Prof. Tony Shu Kam MOK, Li Shu Fan Medical Foundation Professor of Clinical Oncology and Chairman of the Department of Clinical Oncology of the Faculty of Medicine of CUHK, explained, ‘Although the majority of patients respond well to Crizotinib initially, the cancer typically starts growing again within 12 months. Also, like many drugs available for lung cancer treatment, Crizotinib is not effective against brain metastases due to the presence of the blood-brain barrier which prevents toxins (including chemotherapy and targeted therapies) from entering the brain.’
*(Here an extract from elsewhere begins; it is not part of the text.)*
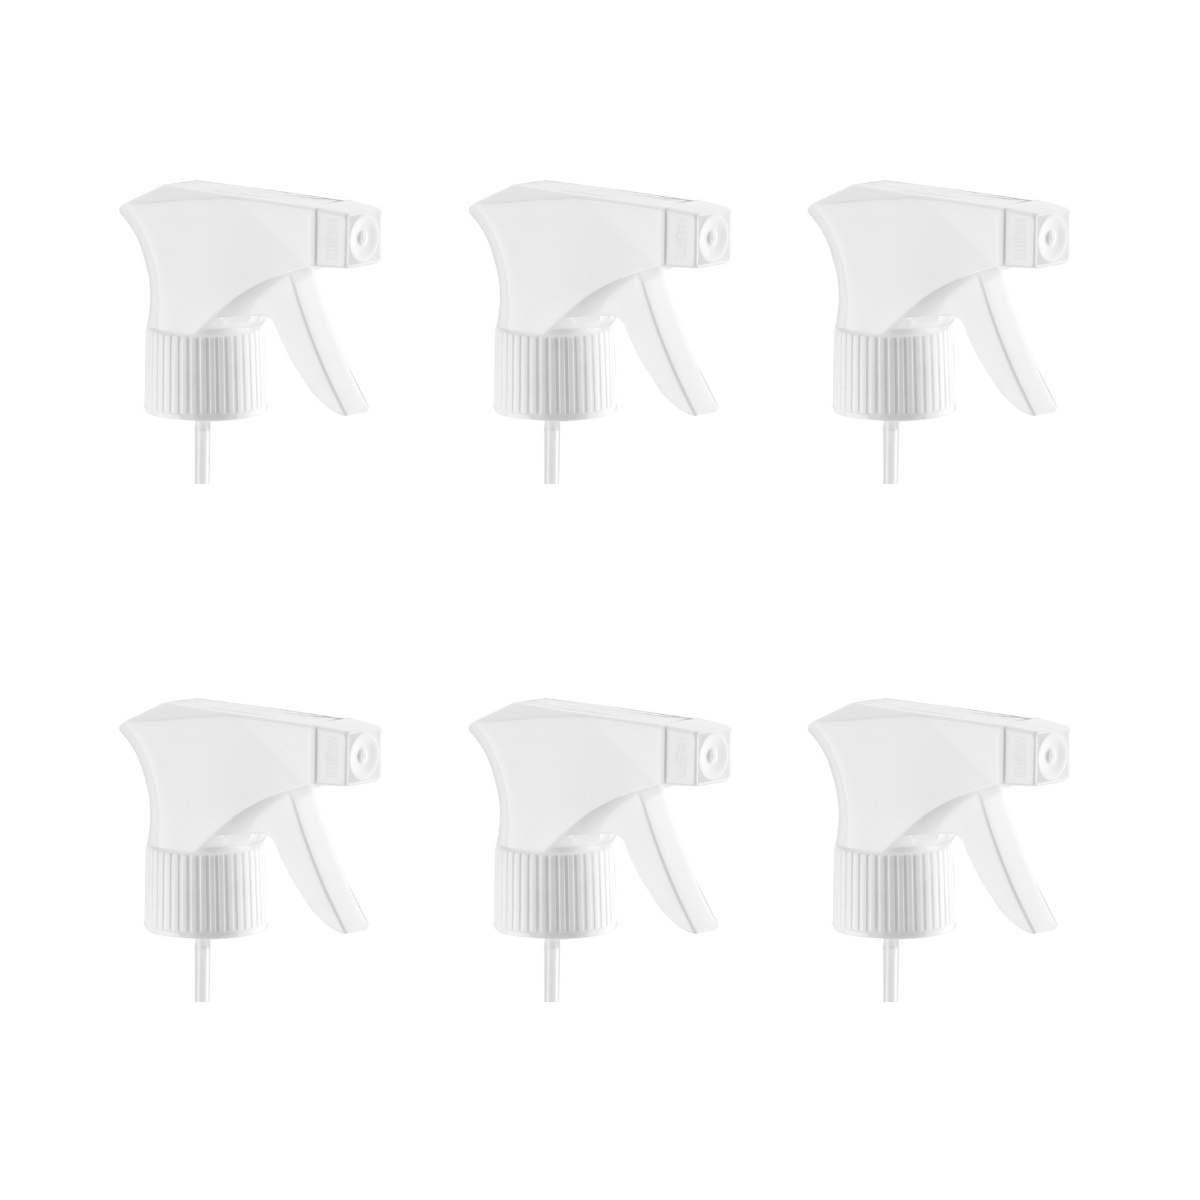 Válvulas Pulverizadores de Gatillo Dompel, color blanco, rosca 28/410, fabricados con resortes de acero inoxidable y bolas de vidrio, con rociador y chorro Modelo 101D - depilcompany

Prof. Tony MOK led a multinational study from 2014 to 2016 on 303 patients from 29 countries with ALK-positive NSCLC. Previously untreated, all patients were randomly divided into two groups; one group to receive Alectinib and the other Crizotinib over the same period.
Results revealed that Alectinib recorded a median of more than 25.7 months of progression-free survival, over double that of Crizotinib (10.4 months). In addition, the probability of 1-year event-free survival was close to 70% with Alectinib, as opposed to 50% with Crizotinib. It also had fewer side effects and was associated with greater reduction in lung cancer symptoms and greater improvement in quality of life.
The results are summarized in the table below:
|
Alectinib |
Crizotinib |
Progression-free survival (Median) |
25.7 months |
10.4 months |
12-month event-free survival rate |
68% |
49% |
Central Nervous System Progression |
12% |
45% |
New therapy especially beneficial in controlling and lowering the chance of brain metastases
The research team also proved that the novel targeted therapy was 70% more effective than the current standard of care in preventing tumours from spreading to the brain as it penetrates better into the brain and kills cancer cells.
Professor MOK described the research findings as very significant and encouraging, ‘The study has proved that the second-line therapy outperforms the current standard one in first-line treatment for ALK-positive lung cancer, meaning that the first-line use of Alectinib will be a new standard of care for these patients, with the belief that they can live longer and better.’
This remarkable research result by Professor MOK makes another important breakthrough in lung cancer treatment after his findings in 2014 proved that molecular targeted therapy is superior to standard first-line chemotherapy in ALK-positive lung cancer patients. His landmark study in 2009 also established the role of first-line treatment in patients with EGFR mutation, later suggesting a new treatment paradigm in 2016. By understanding the molecular profile of lung cancer, physicians can customize the treatment for patients according to the genetic information of their tumor. This brings personalized medicine development of lung cancer into a new stage and enhances patients’ quality of life.